只见其水寨中,停泊有大小战船五十余艘,营寨空地上巡逻兵丁极少,寨墙上也看不到守卫士兵。
现在正是午后,按鹰船侦查到的消息,这个时间,涠洲水师应在午睡,而且没有?民造反暴动的情况下,水师也轻易不会出寨。
正给了白清一网打尽的机会。
白清观察已毕,放下望远镜道:“升帆,驶至两百步炮击。”
舵长大声道:“升帆,左舷顺风,火炮准备!”
一顿饭的功夫,潮州号硕大的船身出现在寨墙前。
寨墙上的士兵睁开朦胧睡眼,往海面上一瞟,随即站起身子来,面容呆滞,丝毫未将眼前大船与敌人联系起来。
潮州号缓缓驶入两百步内,白清命令降帆,右舷应敌。
船身左转舵打横,船体十处炮门打开,青铜炮管伸出。
“开炮!”白清一声令下。
潮州号上,士兵依次点燃引药,十发青铜塞壬炮,发出剧烈呼啸,炮身猛地后退,把驻退索崩得笔直,后坐力传导至船壳,潮州号船体微微左倾,船壳嘎吱作响。
跟着硝烟弥漫,船体渐渐回正,南澳岛船匠以复合木材造的亚哈特船,承受住了第一轮火炮射击的考验。
刺鼻的硫磺味中,白清举起望远镜,只见涠洲水寨四周扬起巨大水柱、尘土。
其寨墙上出现数处破洞,木板木屑纷飞。
士兵慌张地从营房中跑出,没头苍蝇一般乱窜。
很快,第二轮火炮又至,营中慌乱更甚。
潮州号只有十门侧舷火炮,一次齐射的破坏力十分有限,可对涠洲水师士气打击极其巨大。
小半个时辰过去,潮州号侧舷火炮发射不绝,水寨中,愣是没有一艘战船出来迎战。
涠洲水寨的寨墙已被火炮轰塌了大半,潮州号炮火延伸,小心避过了战船,朝营区内狂轰滥炸。
营区很快就布满大大小小弹坑,废墟、瓦砾、碎木板到处都是,只是营兵尸体不多。
在望远镜中,白清看到,在开炮后不久,就有大量营兵向岛内逃窜。
涠洲岛占地广大,其上山林遍布,营兵一旦逃去,想抓出来绝非易事。
好在白清的目的已经达到,她叫停炮击,令船员坐小艇登船,每船都带上一名西班牙人。
到岸上后,西班牙人指指点点,装模作样的发号施令。
其余船员则登上涠洲水师的战船,检查船体情况,若遇到漏水严重,不堪使用的,便当场凿沉,遇到尚能行驶的,就开出水寨去。

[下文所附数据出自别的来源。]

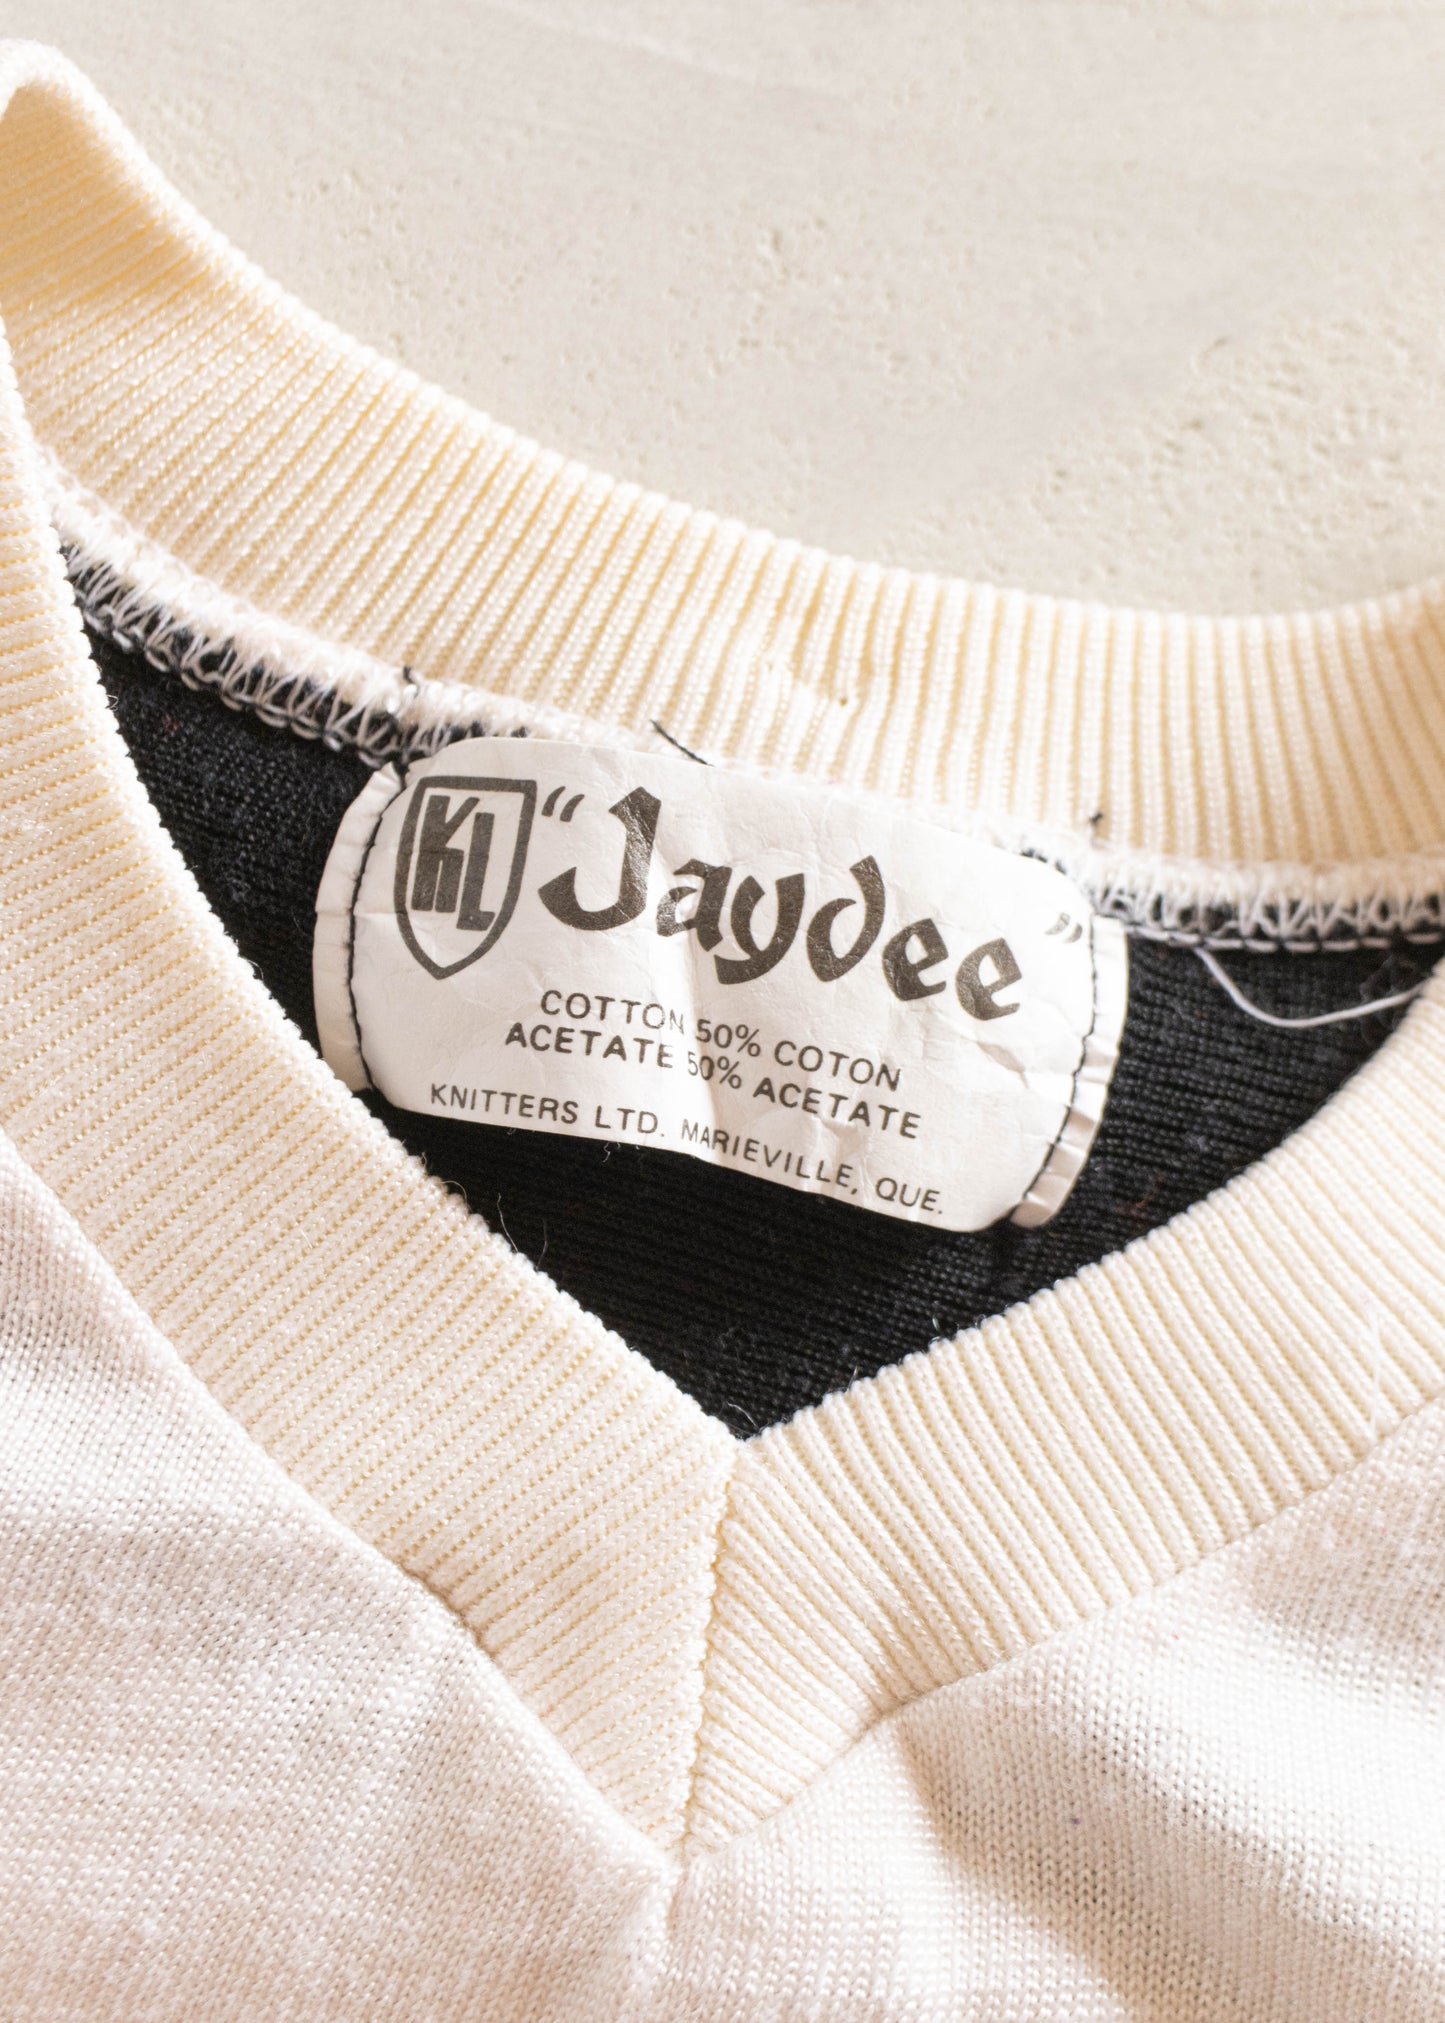 1980s Jaydee Knitters Ltd Long Sleeve Sport Jersey Size M/L

远处山林中,涠洲水师游击将军孟镇岳,看见这一幕,双手攥紧泥土,太阳穴突突直跳,牙齿都要咬碎了。
一旁把总劝说道:“将军,红夷火炮厉害,这还不安全,咱们还是再往北边跑跑吧。”
孟镇岳怒道:“直娘贼!水寨丢了,船没了,人活下来有什么用?去收拢残兵,我们趁红夷上岸,立足不稳,把水寨夺回来!”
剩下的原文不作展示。